● **Given material**:

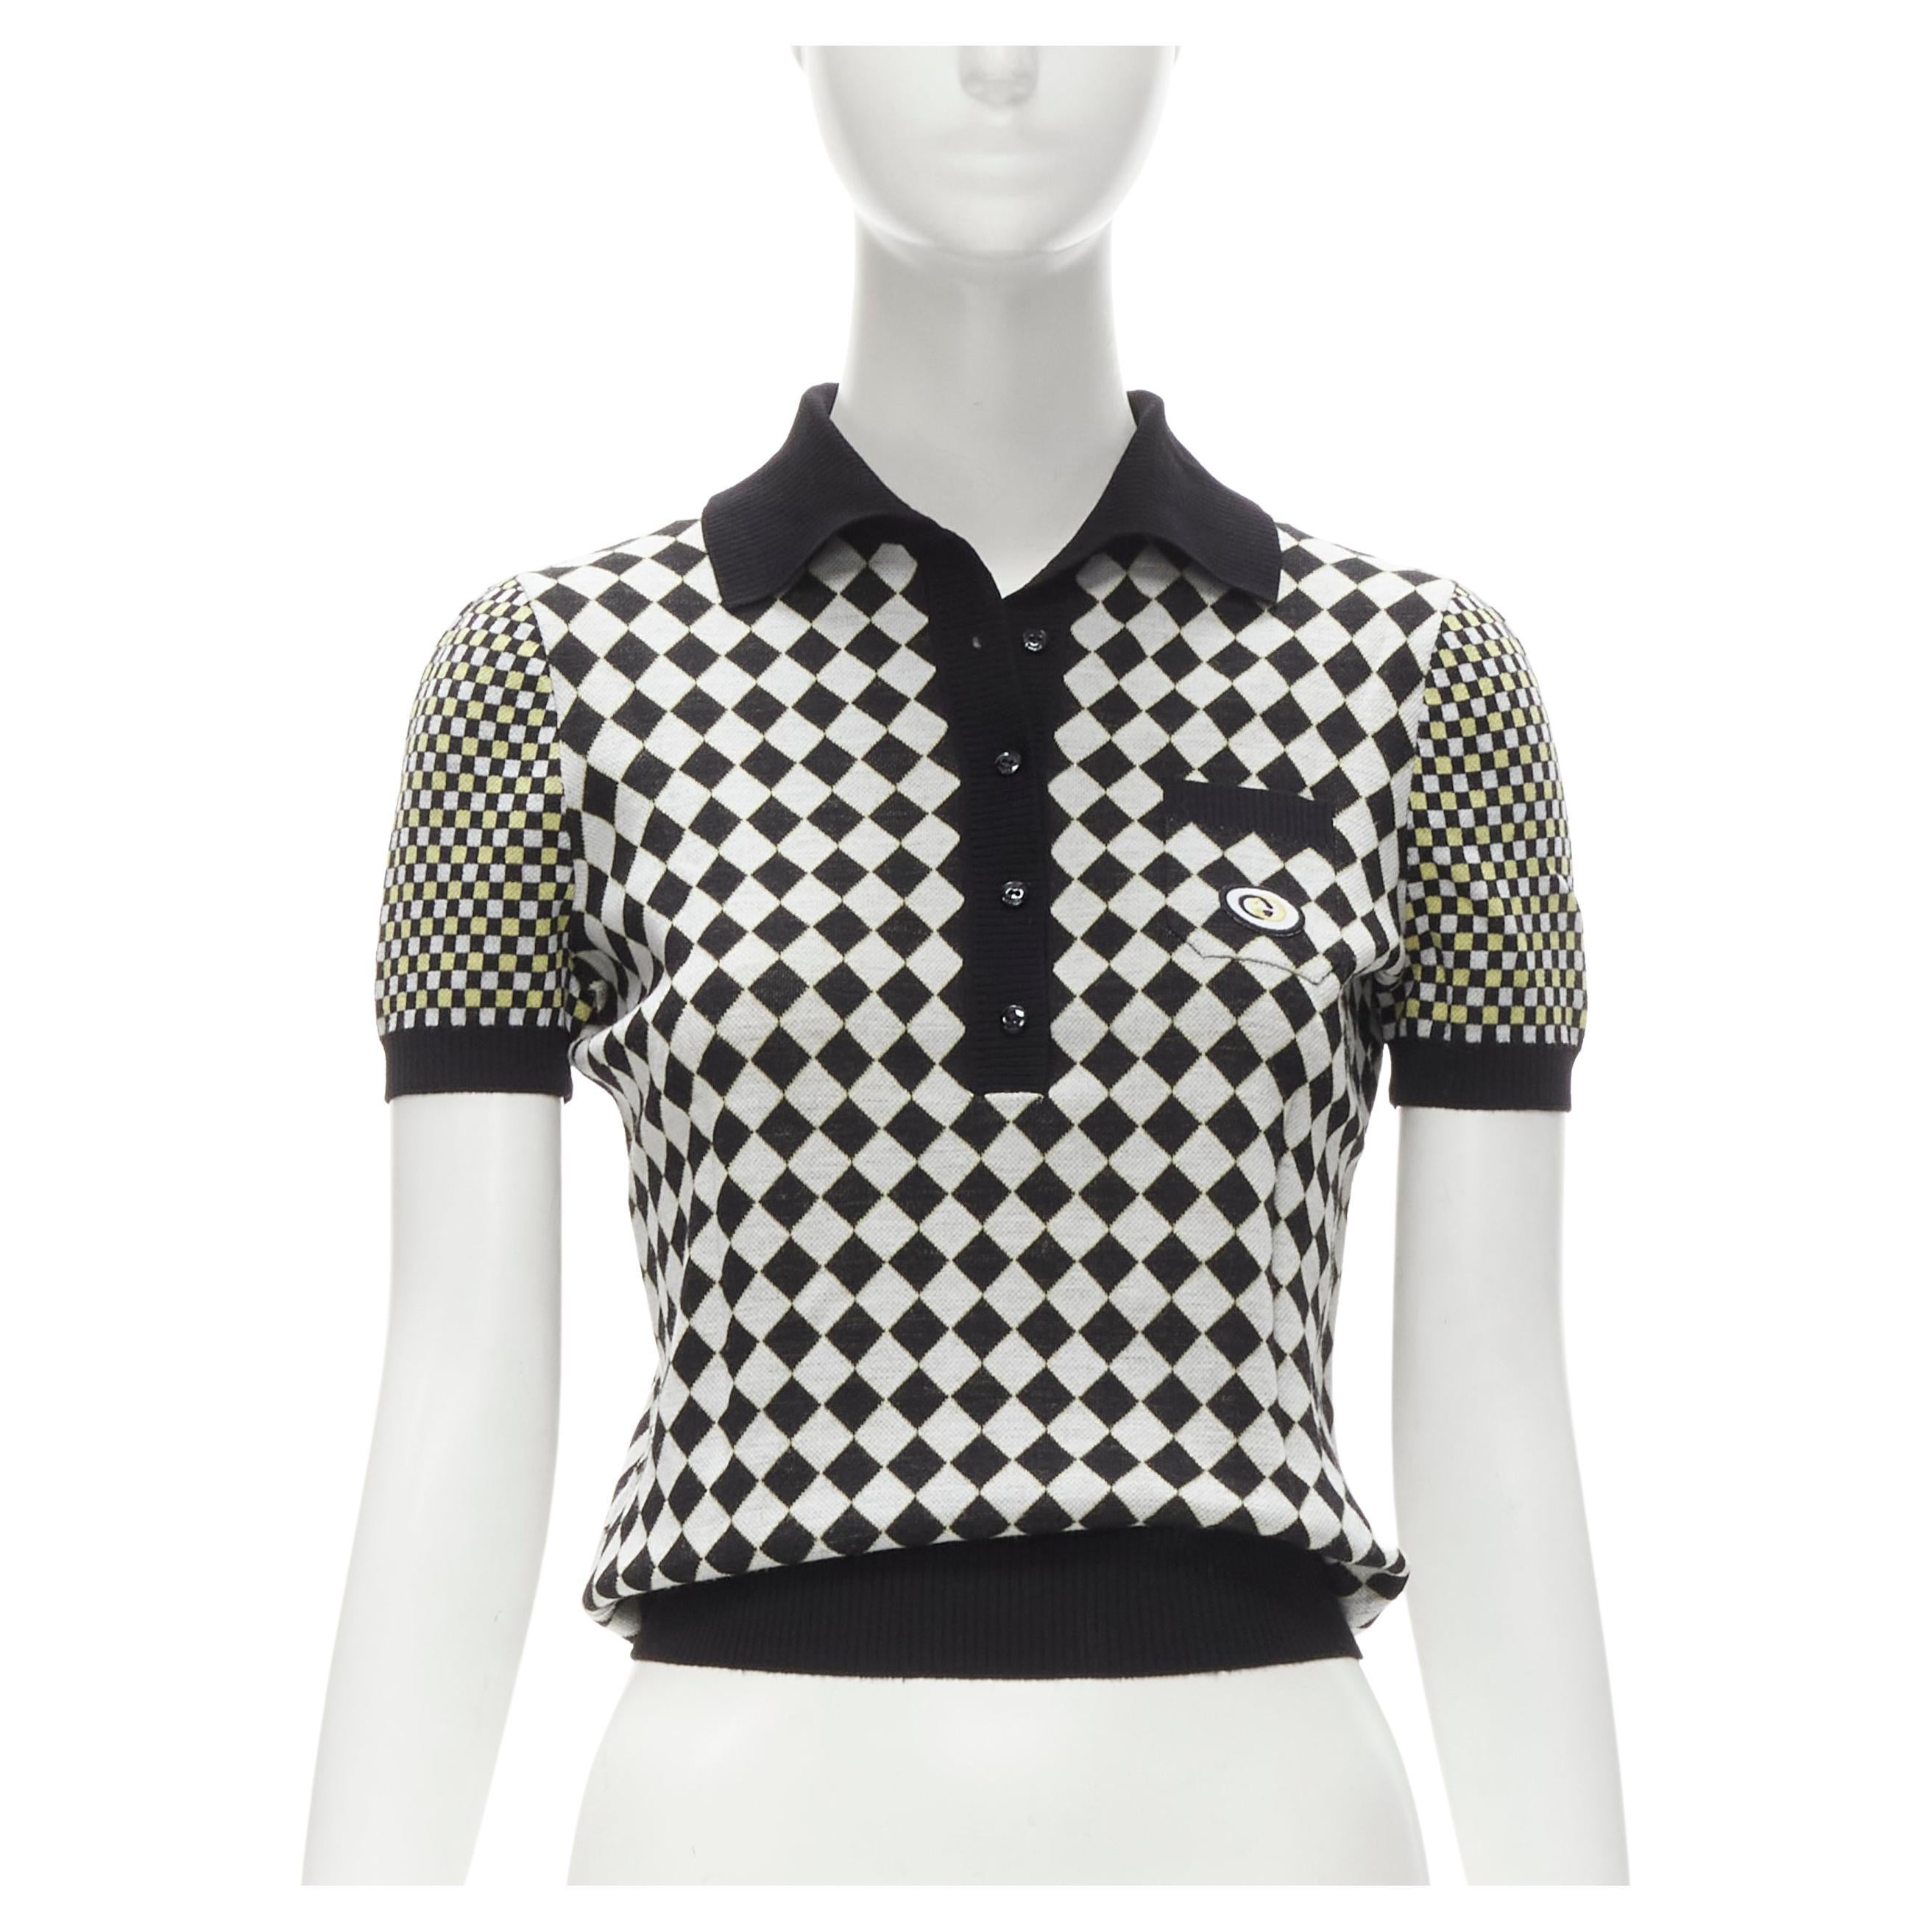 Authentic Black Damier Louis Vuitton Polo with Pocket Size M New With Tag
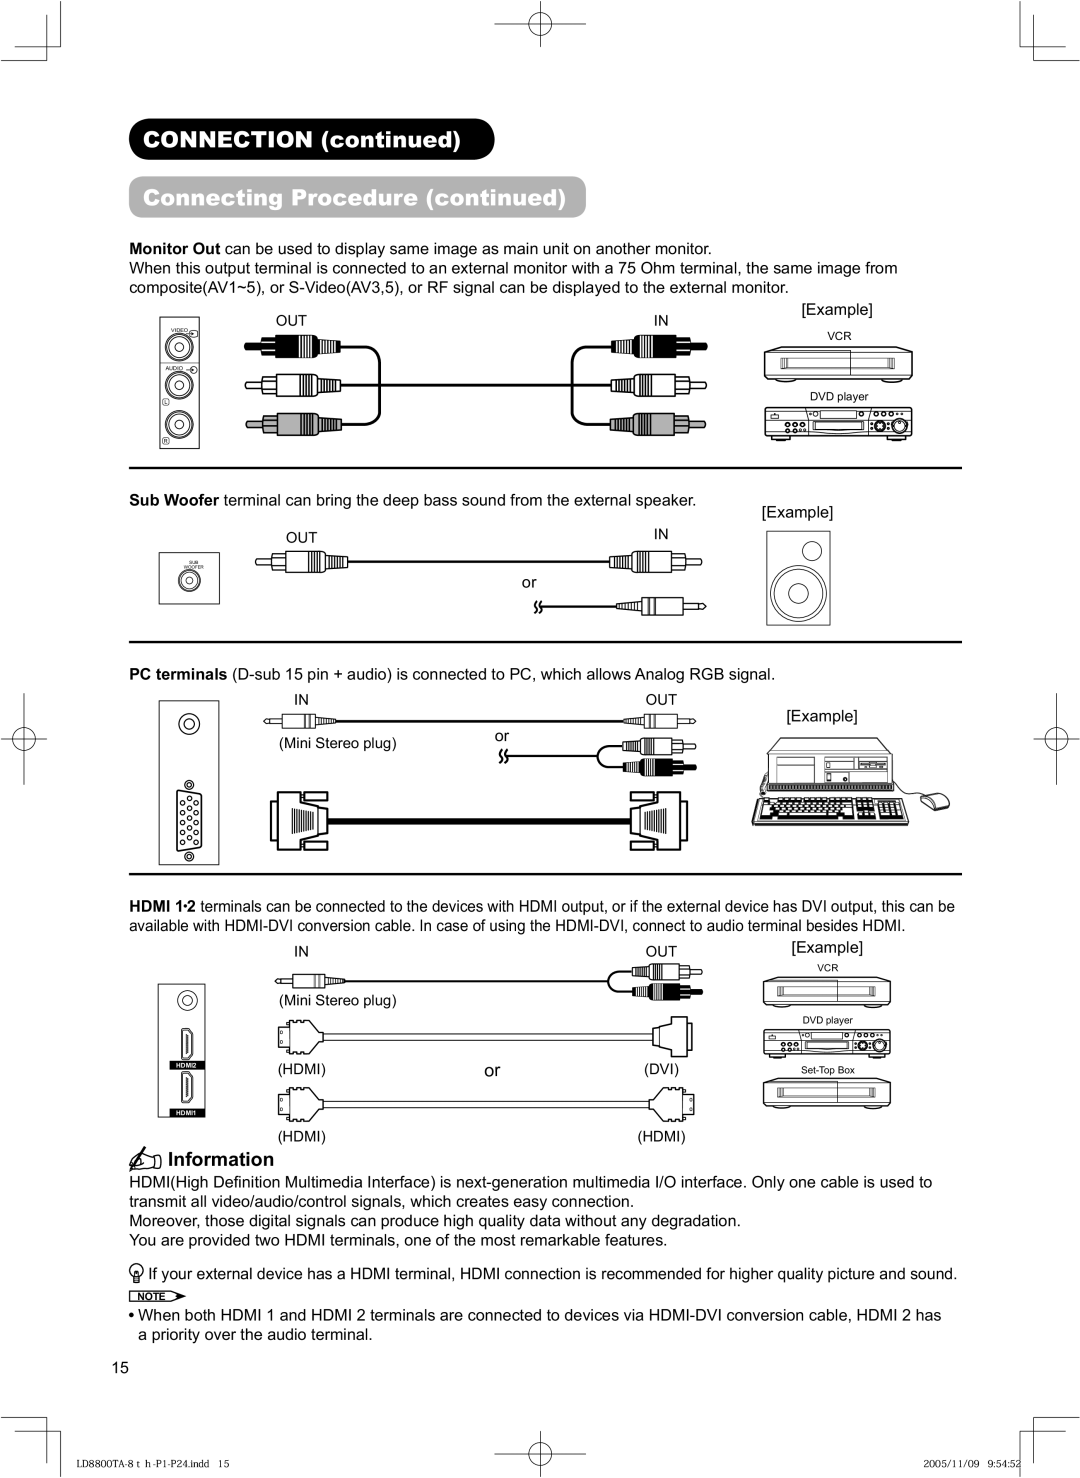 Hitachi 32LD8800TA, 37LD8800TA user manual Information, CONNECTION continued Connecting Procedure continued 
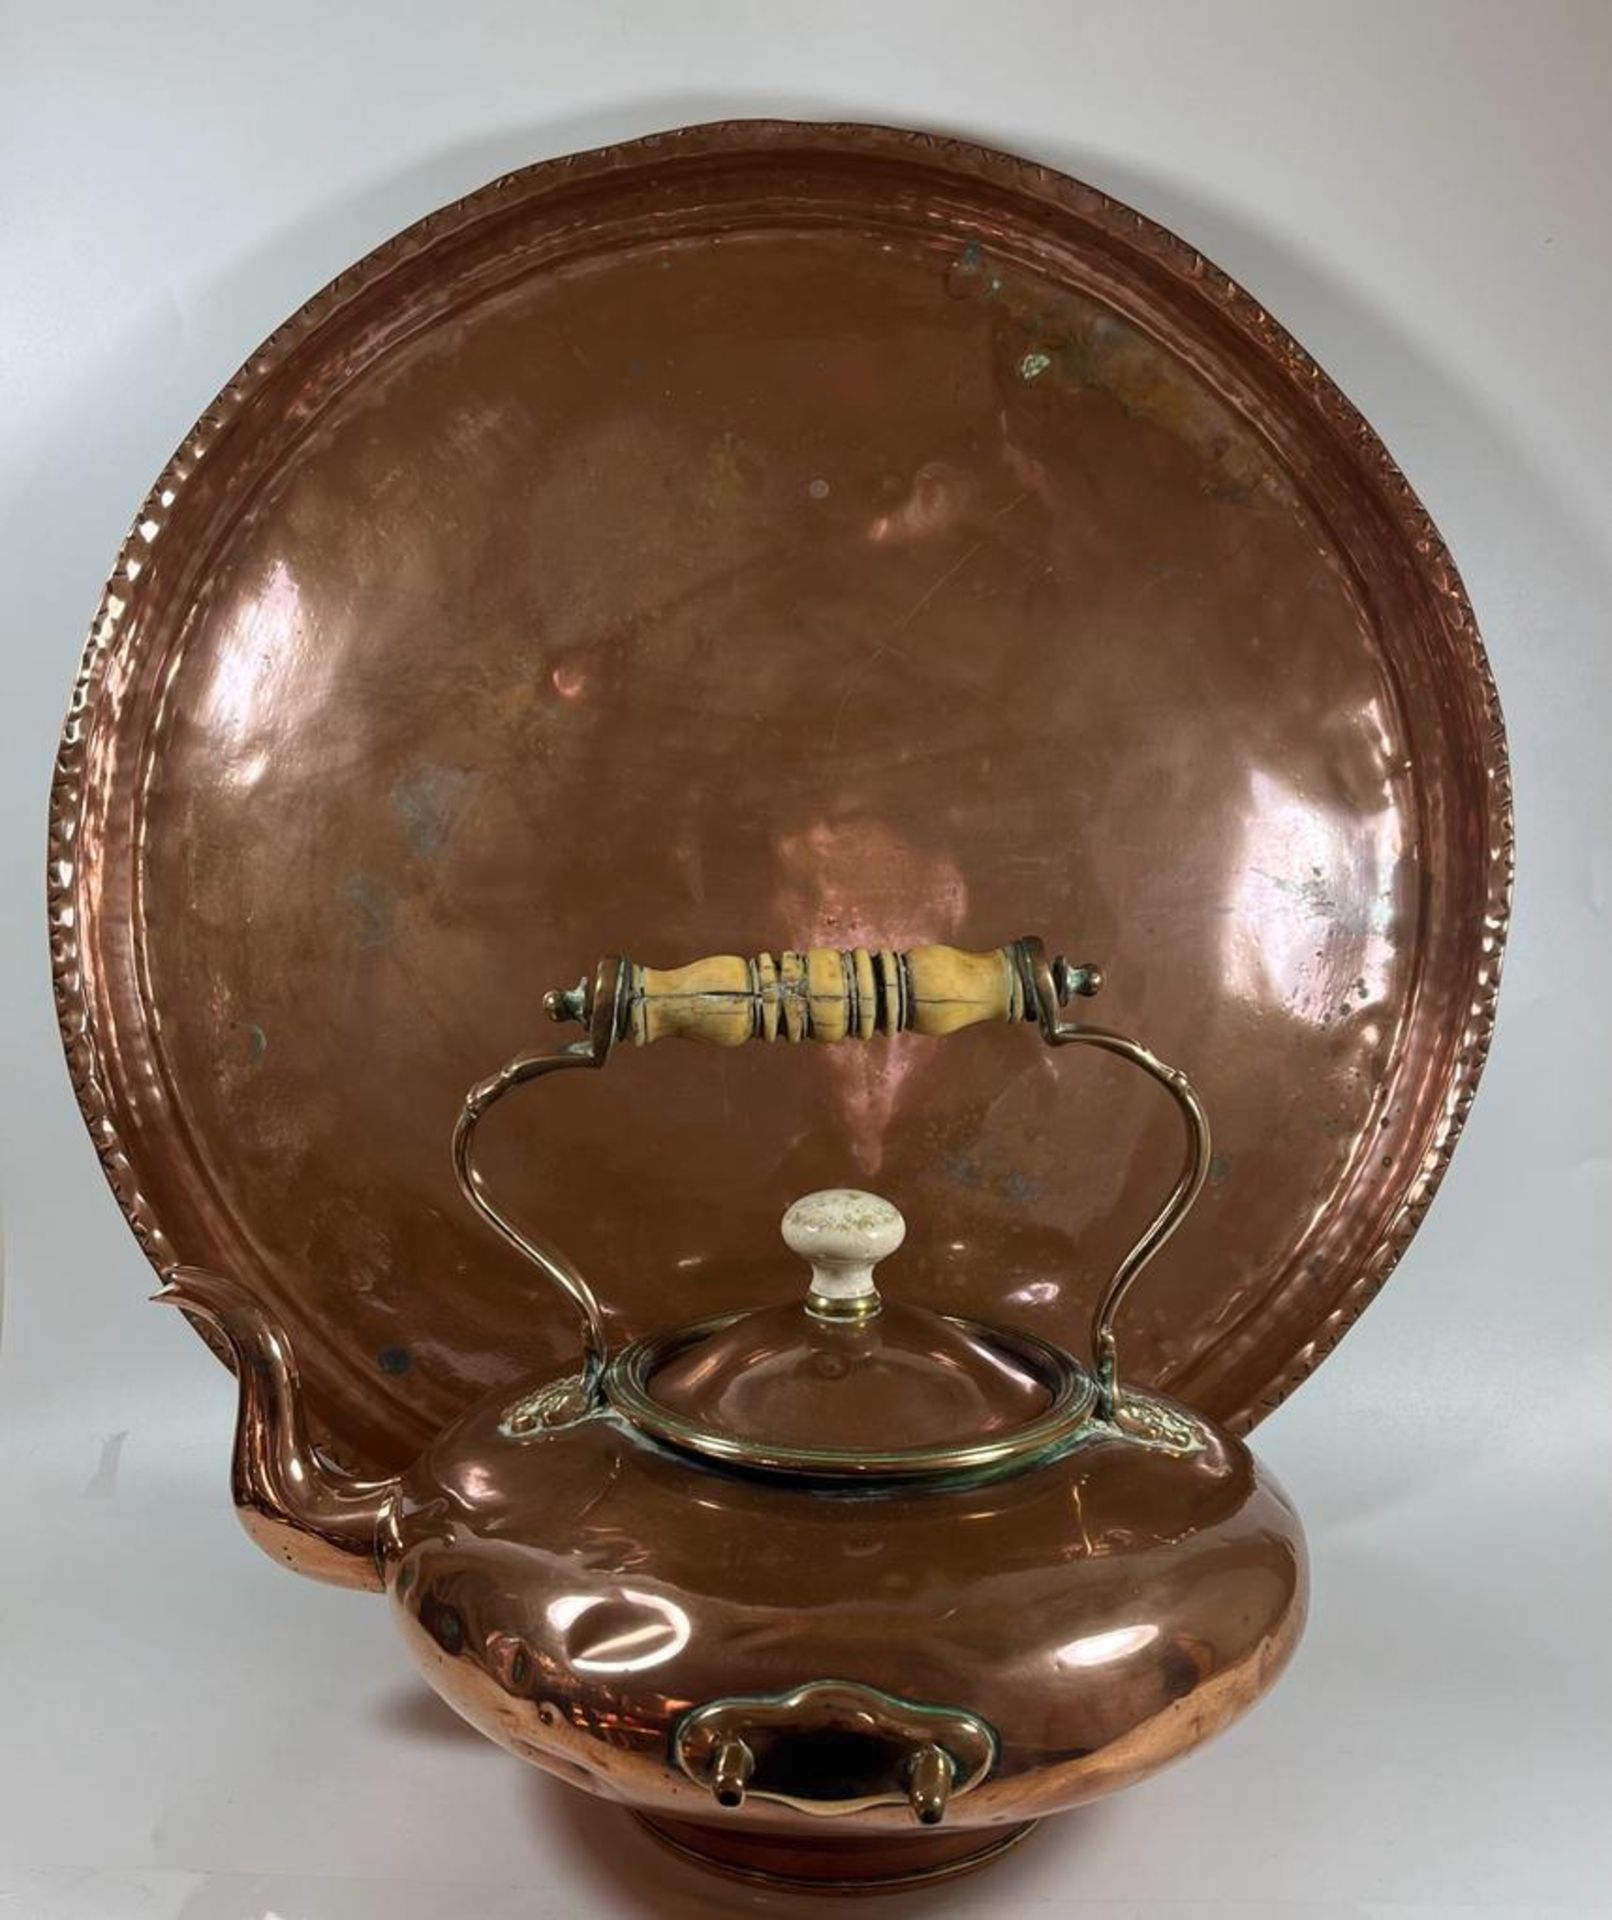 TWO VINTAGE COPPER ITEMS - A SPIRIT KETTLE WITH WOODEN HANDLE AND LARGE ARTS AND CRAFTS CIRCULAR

● **Try it**: Return the listing verbatim, pictures excluded.

● **Exercise answer**:
 Authentic Black Damier Louis Vuitton Polo with Pocket Size M New With Tag
 Hitachi 32LD8800TA, 37LD8800TA user manual Information, CONNECTION continued Connecting Procedure continued 
 TWO VINTAGE COPPER ITEMS - A SPIRIT KETTLE WITH WOODEN HANDLE AND LARGE ARTS AND CRAFTS CIRCULAR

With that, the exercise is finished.